A replica of the skull of the Kennewick Man on display in July 1997 in Richland, Washington.APIn 1996, a couple college students went on a beer-fueled mission to check out girls and ended up stumbling on what would be one of the most historic, and controversial, archaeological discoveries in US history.
The US Army Corps of Engineers has ruled that the 9,000-year-old skeletal remains (the oldest in North America) of the Kennewick Man belong to a Native American tribe — ending a long and tedious legal battle that began when the two 21-year-olds pulled the human skull out of the Columbia River in Kennewick, Washington.
For 20 years, the Kennewick Man (known to Native Americans as the Ancient One) was locked away while scientists fought against a coalition of five Native American tribes for the right to study the remains. The Native Americans had claimed ownership under the Native American Graves Protection and Repatriation Act of 1990.
The Umatilla tribe wanted to perform a customary burial, the denial of which was “sacrilegious and inhuman,” an Umatilla leader told the Philadelphia Inquirer in 1998.
But scientists weren’t convinced of the skeleton’s ancestry, hoping the remains would reveal a previously unknown group of humans. A paleontologist told the Denver Post in 1997 that burying the Kennewick Man “would be like burning the great library of Alexandria.” Eight scientists filed a lawsuit stating that Kennewick’s unfamiliar characteristics suggested a different origin, making it exempt from federal repatriation laws.
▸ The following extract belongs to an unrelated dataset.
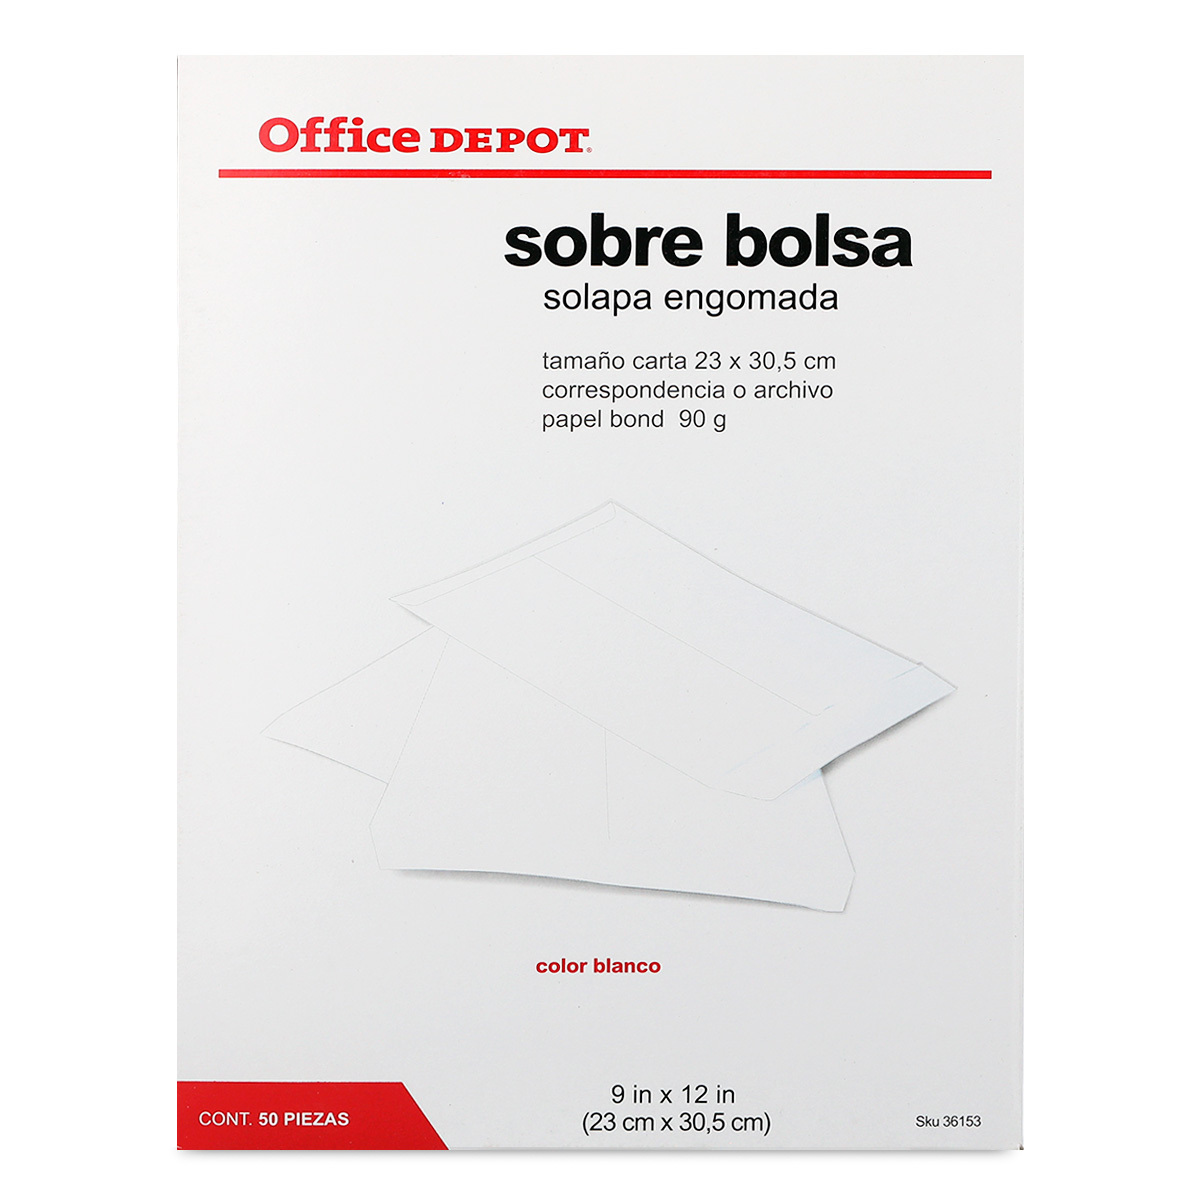 Sobres de Papel con Solapa Engomada Carta Office Depot / Blanco / 50 Piezas

But in June 2015, Nature published a report of DNA results confirming that the skeleton is, in fact, related to modern Native Americans. That report led to the Corps of Engineers’ final decision.
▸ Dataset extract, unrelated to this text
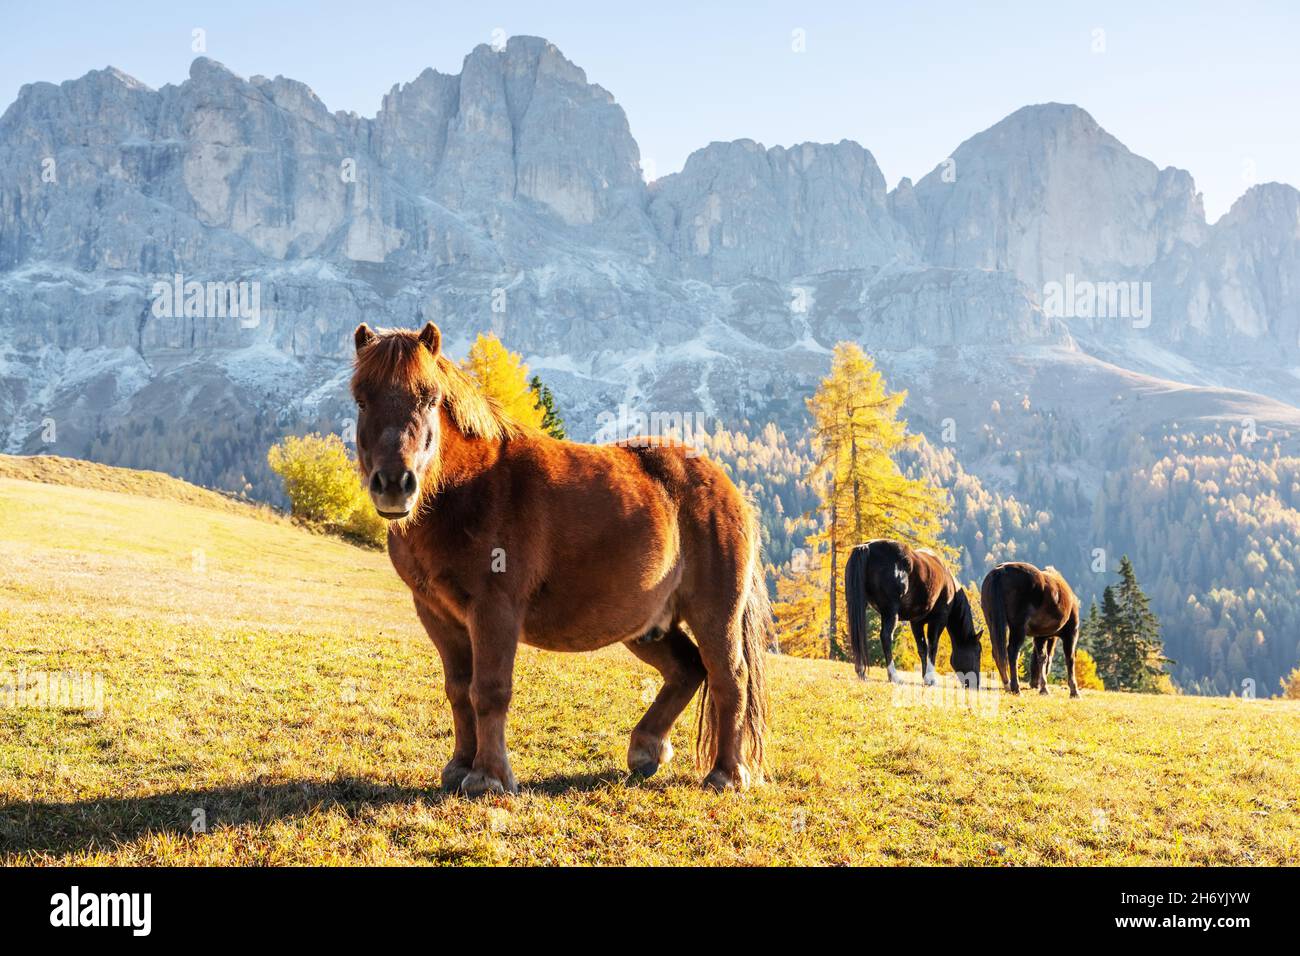 Niedliches behaartes Pferd auf einer Herbstwiese in den Dolomiten. Schöne ländliche italienische Landschaft mit Pferden und Gipfeln der hohen Berge im Hintergrund. Nigerpass (Passo Nigra), Dolomiten, Italien Stockfoto

“After 20 years, it acknowledges what we already knew and have been saying since the beginning,” a representative of the Confederated Tribes of the Umatilla Indian Reservation told the Associated Press.
The Kennewick Man will remain in a Seattle museum until the Corps of Engineers determines which of the five tribes — the Nez Perce, Yakama, Wanapum, Colville and the Umatilla — will receive the remains for final burial.
Tribe leaders are expected to cooperate with whoever wins custody, and plan to keep the burial spot secret from the public.